» Work item
From the records below, please print only the lines from the one containing "上海交通大学MBA/EMBA网上报名图文指引" through the one containing "BMW 530d xDrive", both included. Skip the pictures.

======== Data

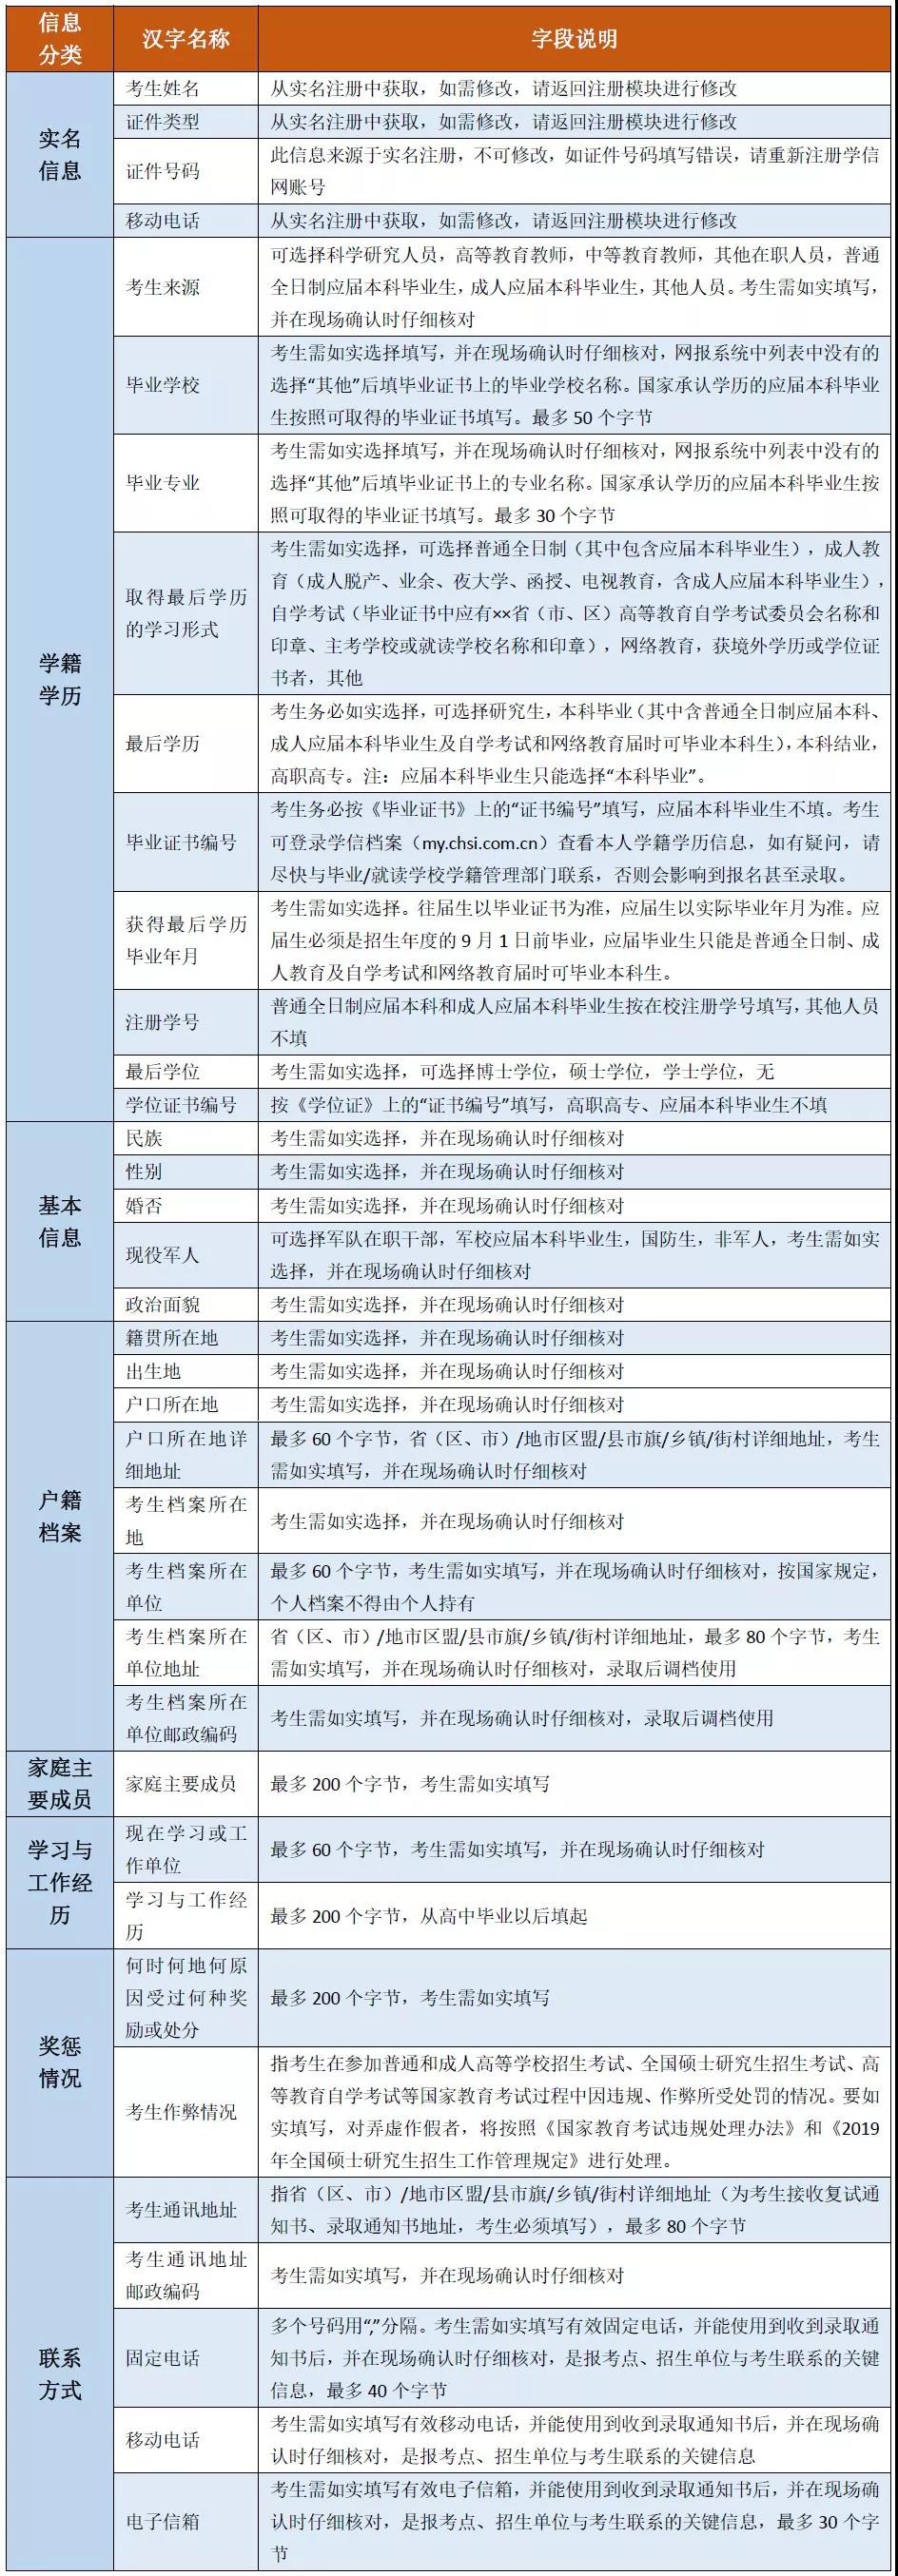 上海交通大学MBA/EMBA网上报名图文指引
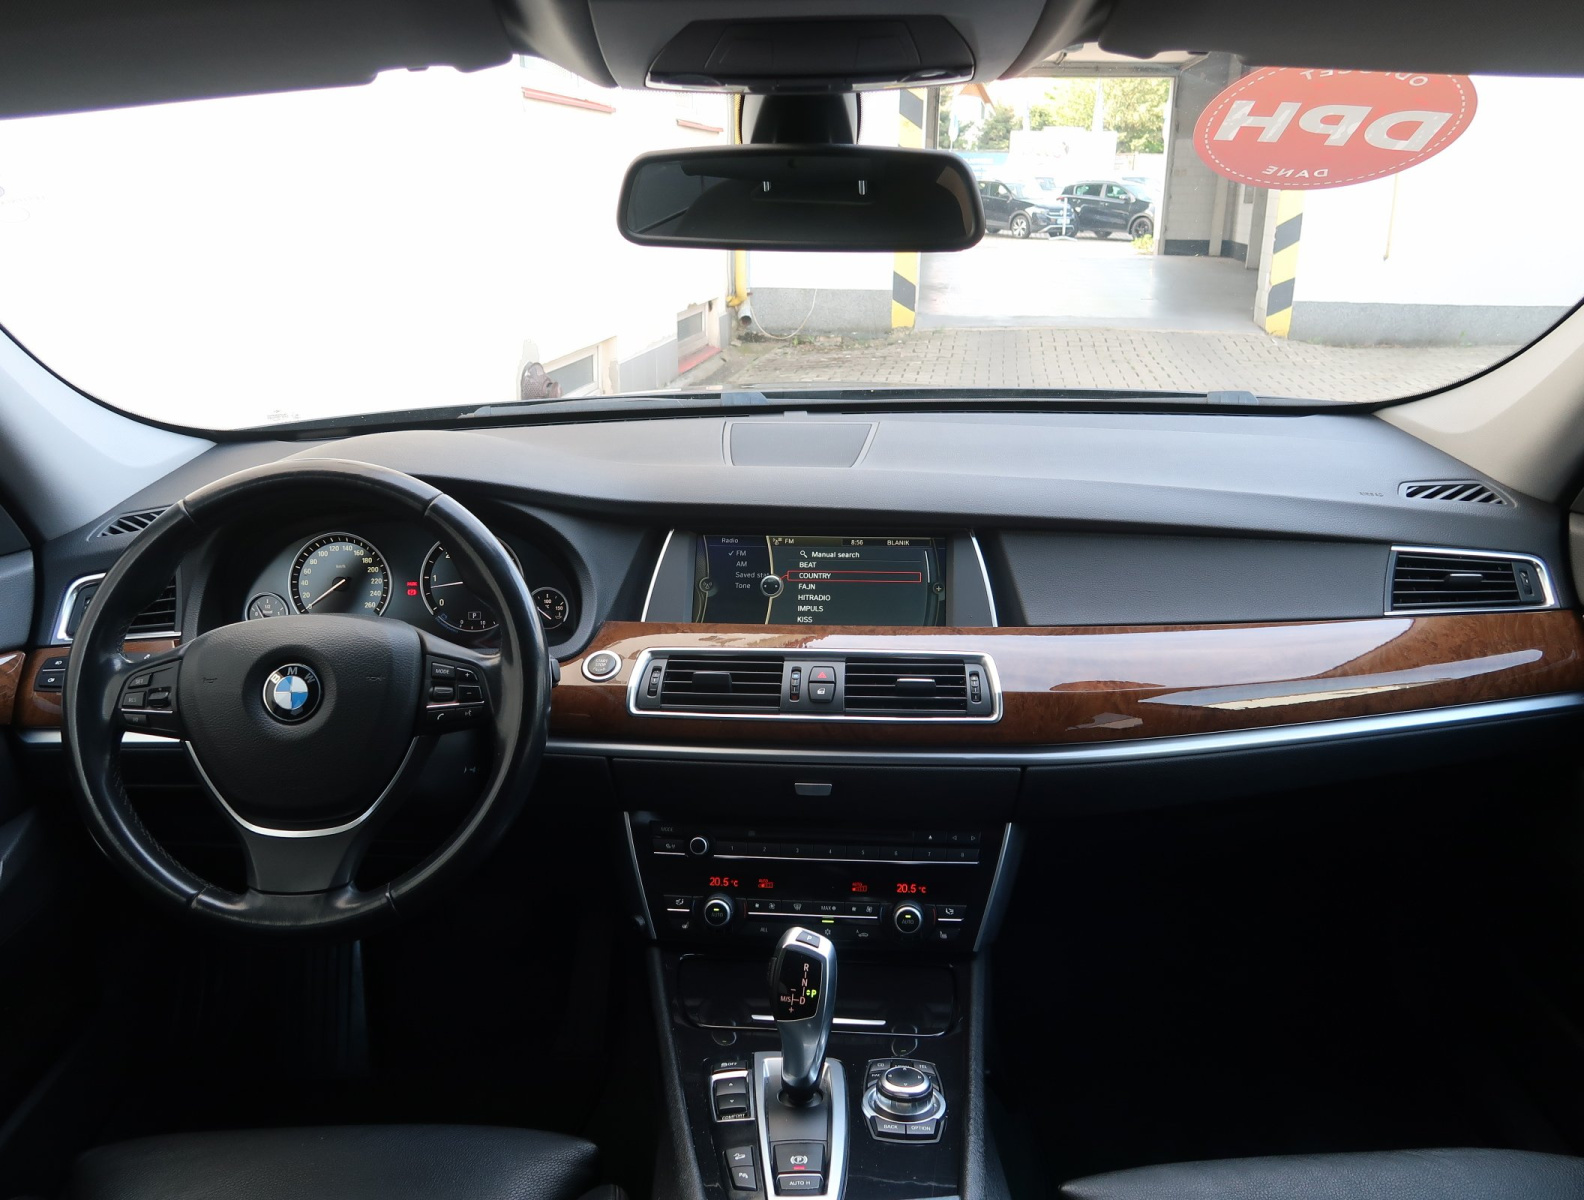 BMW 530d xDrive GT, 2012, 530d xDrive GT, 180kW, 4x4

================
======== Data

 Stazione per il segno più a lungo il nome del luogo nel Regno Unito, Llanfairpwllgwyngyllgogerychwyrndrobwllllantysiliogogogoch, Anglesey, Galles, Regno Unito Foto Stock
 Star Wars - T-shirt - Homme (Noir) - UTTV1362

================

» Task response
 上海交通大学MBA/EMBA网上报名图文指引
 BMW 530d xDrive GT, 2012, 530d xDrive GT, 180kW, 4x4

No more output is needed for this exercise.